Linear regression is the “hello, world” of supervised learning. This post walks through the math, the LaTeX you’d type to render it, and a NumPy implementation small enough to read in one screen.

Setup

Given a dataset \(\{(x_i, y_i)\}_{i=1}^n\) with \(x_i \in \mathbb{R}^d\) and \(y_i \in \mathbb{R}\), we want to fit a linear model

\[\hat{y}_i = w^\top x_i + b\]

by minimising the mean squared error:

\begin{equation} \label{eq:mse} \mathcal{L}(w, b) \;=\; \frac{1}{n} \sum_{i=1}^{n} \left( y_i - w^\top x_i - b \right)^2 \end{equation}

The objective in equation \eqref{eq:mse} is convex and quadratic in \((w, b)\), so it has a unique minimum.

The closed form

Stack the inputs into a design matrix \(X \in \mathbb{R}^{n \times d}\) (with a column of ones absorbed for the bias) and the targets into \(y \in \mathbb{R}^n\). Setting the gradient of \(\mathcal{L}\) to zero gives the normal equations:

\[\theta^\ast \;=\; (X^\top X)^{-1} X^\top y, \qquad \theta = \begin{bmatrix} w \\ b \end{bmatrix}\]

That single line is what you’d type in a paper:

\theta^\ast = (X^\top X)^{-1} X^\top y, \qquad
\theta = \begin{bmatrix} w \\ b \end{bmatrix}

In practice you almost never compute \((X^\top X)^{-1}\) explicitly — it’s both numerically wobbly and unnecessary. np.linalg.solve (LU under the hood) or np.linalg.lstsq (SVD) are both better-behaved.

NumPy implementation

import numpy as np


def fit_closed_form(X: np.ndarray, y: np.ndarray) -> np.ndarray:
    """Solve theta = (X^T X)^{-1} X^T y via a stable linear solve."""
    X_b = np.hstack([X, np.ones((X.shape[0], 1))])      # absorb bias
    return np.linalg.solve(X_b.T @ X_b, X_b.T @ y)


def fit_gradient_descent(
    X: np.ndarray,
    y: np.ndarray,
    lr: float = 1e-2,
    n_steps: int = 1_000,
) -> np.ndarray:
    """Vanilla full-batch GD on the MSE objective."""
    X_b = np.hstack([X, np.ones((X.shape[0], 1))])
    theta = np.zeros(X_b.shape[1])
    n = len(y)
    for _ in range(n_steps):
        grad = (2 / n) * X_b.T @ (X_b @ theta - y)
        theta -= lr * grad
    return theta


# Sanity check on synthetic data
rng = np.random.default_rng(0)
X = rng.normal(size=(200, 3))
true_theta = np.array([1.5, -2.0, 0.7, 0.3])           # last entry is bias
y = X @ true_theta[:-1] + true_theta[-1] + 0.1 * rng.normal(size=200)

theta_cf = fit_closed_form(X, y)
theta_gd = fit_gradient_descent(X, y, lr=1e-2, n_steps=5_000)

print(f"true:    {true_theta}")
print(f"closed:  {theta_cf}")
print(f"GD:      {theta_gd}")

Both estimators recover the true parameters to within the noise floor; the gradient-descent path converges to the closed-form answer because the loss surface is convex.

Gradient descent — the update rule

The per-step update for vanilla GD is

\begin{equation} \label{eq:gd-update} \theta_{t+1} \;=\; \theta_t \;-\; \eta \cdot \nabla_\theta \mathcal{L}(\theta_t) \;=\; \theta_t \;-\; \frac{2 \eta}{n} \, X^\top (X \theta_t - y) \end{equation}

with learning rate \(\eta > 0\).

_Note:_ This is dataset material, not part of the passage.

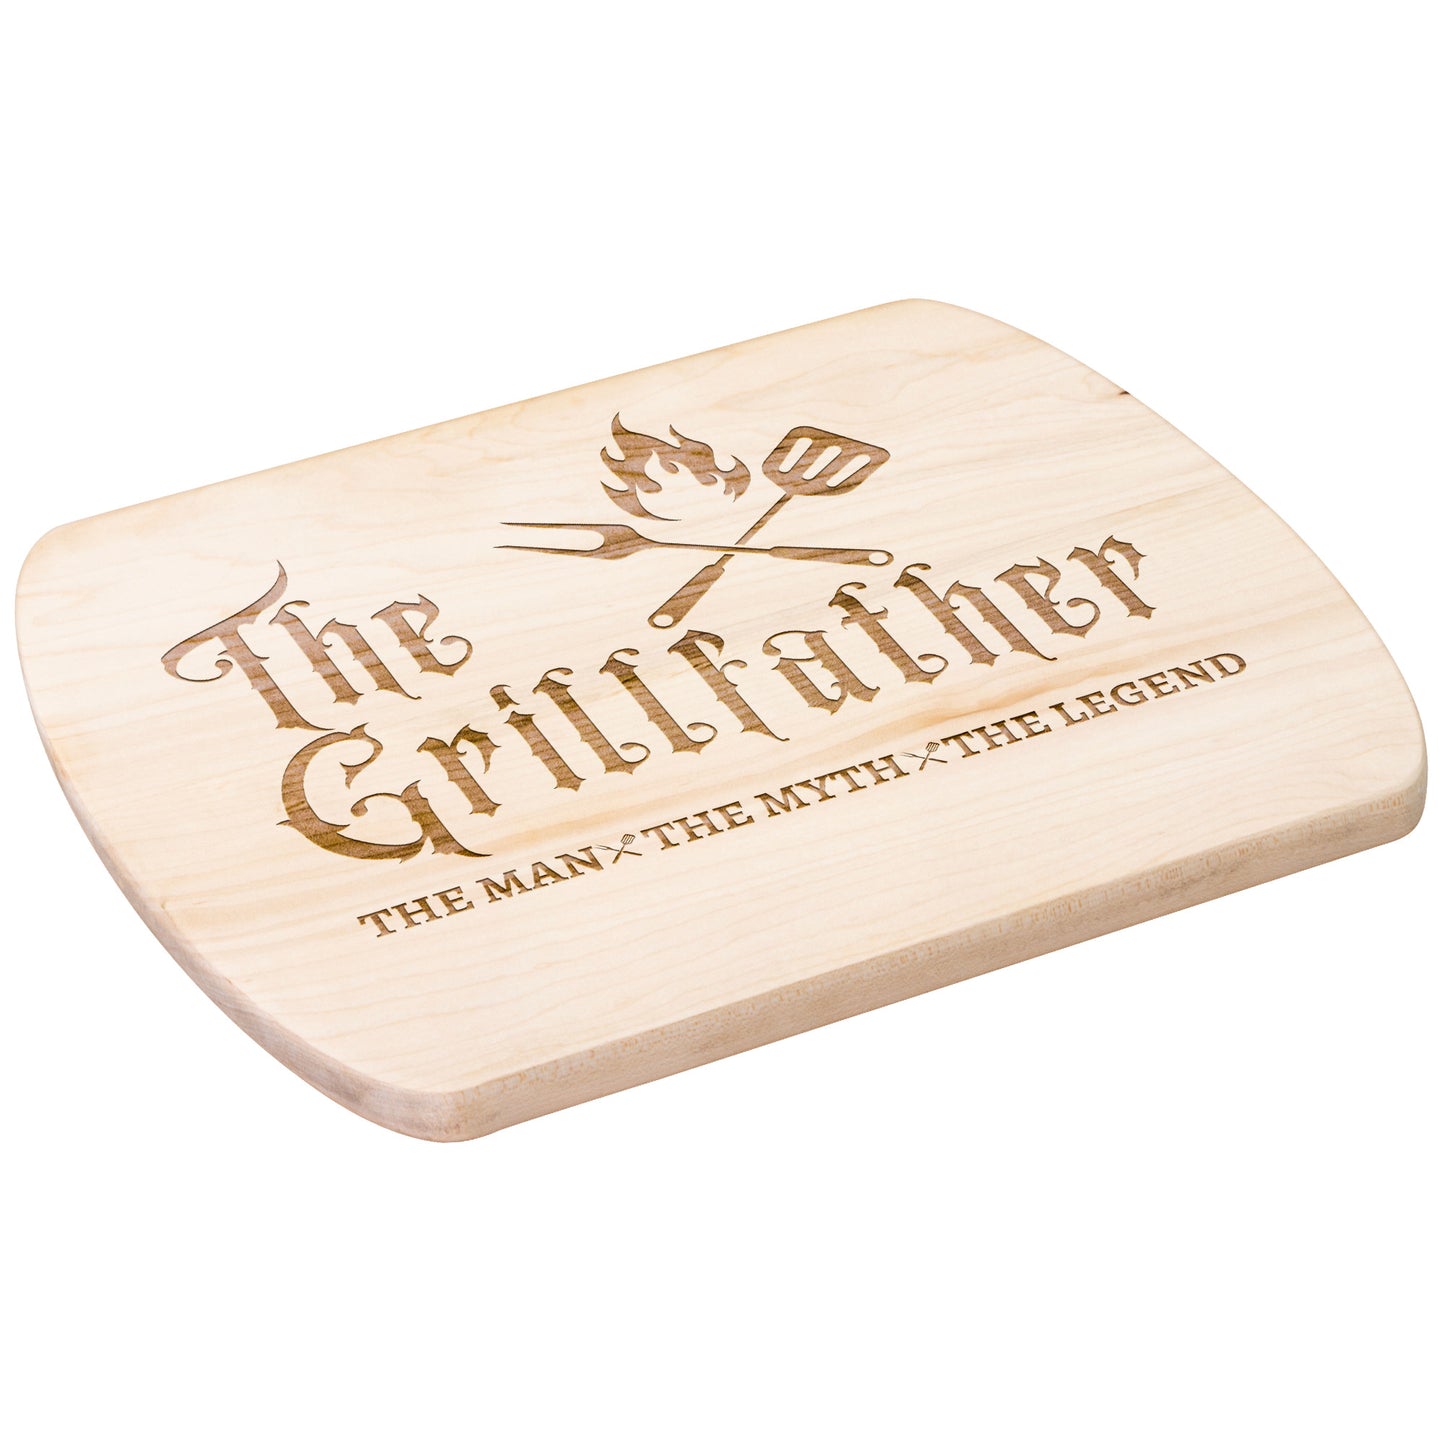 Gift For Him | The Grillfather Hardwood Oval Cutting Board

Equation \eqref{eq:gd-update} is what the loop in fit_gradient_descent implements one step at a time.

A quick rule of thumb for choosing \(\eta\): with feature scaling so each column of \(X\) has unit variance, anything from \(10^{-3}\) to \(10^{-1}\) tends to work; outside that range expect divergence or glacial convergence.

When to reach for which

Situation Method
\(n \lesssim 10^4\), \(d \lesssim 10^3\), no regularisation Closed form via np.linalg.lstsq.
Very large \(n\) (out-of-core) Mini-batch SGD.
Adding \(\ell_2\) regularisation (ridge) Closed form still works: \(\theta^\ast = (X^\top X + \lambda I)^{-1} X^\top y\).
Adding \(\ell_1\) regularisation (lasso) Coordinate descent or proximal GD; no closed form.
Want uncertainty estimates Bayesian linear regression — same conjugate-Gaussian story, plus a posterior covariance.

That’s the whole package: a one-line solution, a one-line LaTeX equation, and a thirty-line NumPy implementation.